5 One student commented in her reflection essay, “I wasn’t expecting it to be cold, so I showed up to the bus wearing yoga pants, a short sleeve t-shirt, and a sweatshirt tied around my waist. Since it was cold I had to take my sweatshirt off of my waist and actually put it on my body which ends up exposing my rear end in the tight yoga pants which was not originally part of my plan.” In general, many of the women who enroll in my class and experience the prison (tour) disclose their discomfort about being physically conspicuous in the presence of incarcerated men – most of whom are black. There are many salient entailments here. First, these students are vulnerable to sexual objectification and other forms of violence in ways that I simply am not. Thus, I must acknowledge that the women in my class live their lives with a learned sensitivity to the male gaze. It is also true that students are, on balance, far more vulnerable to sexual violence on campus, at college parties or bars, or in other spaces they share with more familiar bodies than they are at the prison (tour). Yet, they understand the prison (tour) as a site of exceptional violence, largely because the register of the virtual has constituted it as such. As Curry explains, the prison-industrial complex is a site of sexual voyeurism that places black masculine bodies, which figure as always already sexually violent in public culture, on display for the white gaze. Thus, my students’ performances at the live prison (tour) vis-à-vis their sexualities respond to heavily mediated circulations of imprisoned black masculine bodies as predatory and always on the hunt for white feminine flesh.

6 We encountered this notorious man during my second class tour of the prison. At this time, I had not yet secured IRB approval or student consent to use their written reflections. Thus, I am drawing solely on my recollections of the experience.

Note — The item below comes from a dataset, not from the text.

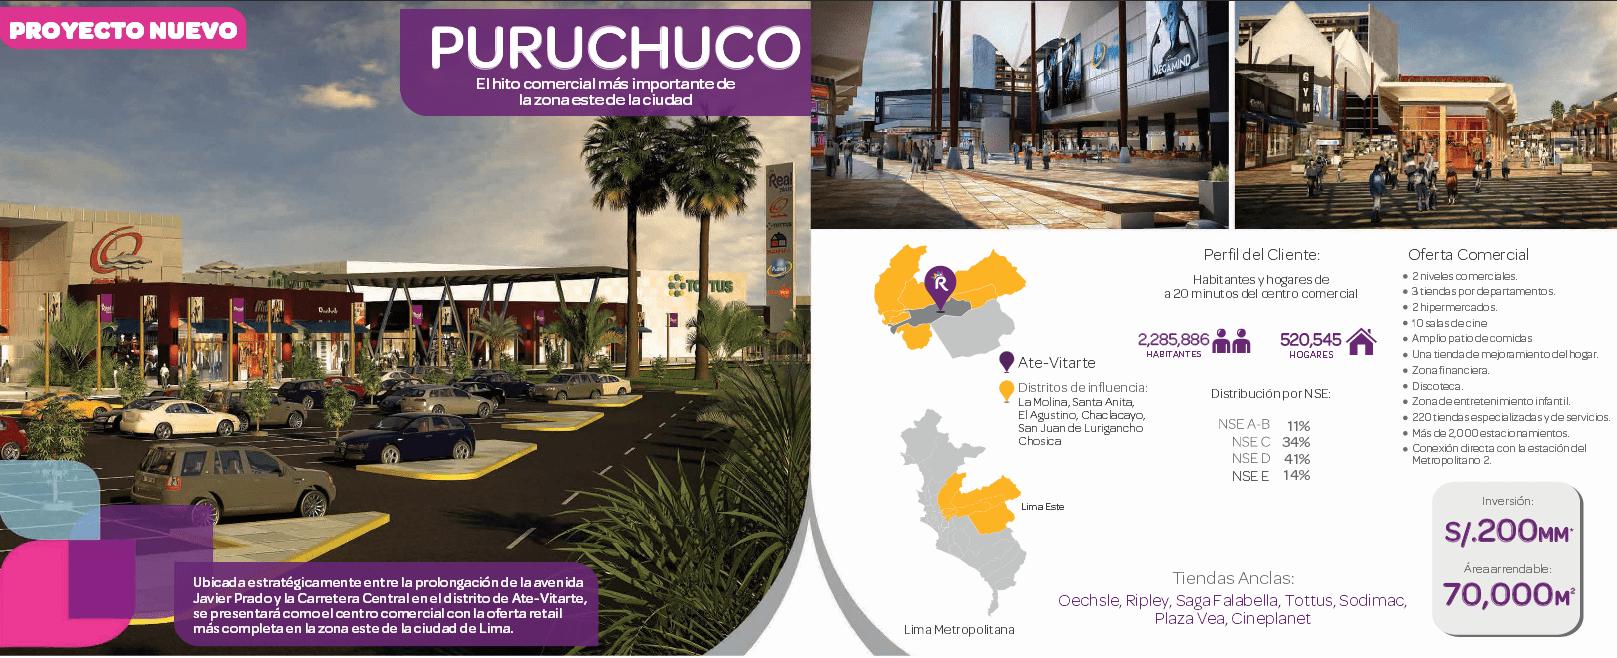 Real Plaza Puruchuco 1 - ¿Cuándo abrirá el Real Plaza Puruchuco?

7 The prison we visited, as well as many others across the country, rely very heavily on faith-based rehabilitation programming that almost always promotes a conservative Christian worldview. Thus, even as the sight of students and incarcerated men joining hands in prayer can function as a powerful performance of intimacy across lines of difference, it also potentially further entrenches the disciplinary function of certain faith traditions inside and outside the prison (see Ridgeway).

Additional information

Funding

Travel associated with this project was supported by the College of Humanities and Social Sciences, Louisiana State University and the Department of Communication Studies, Louisiana State University.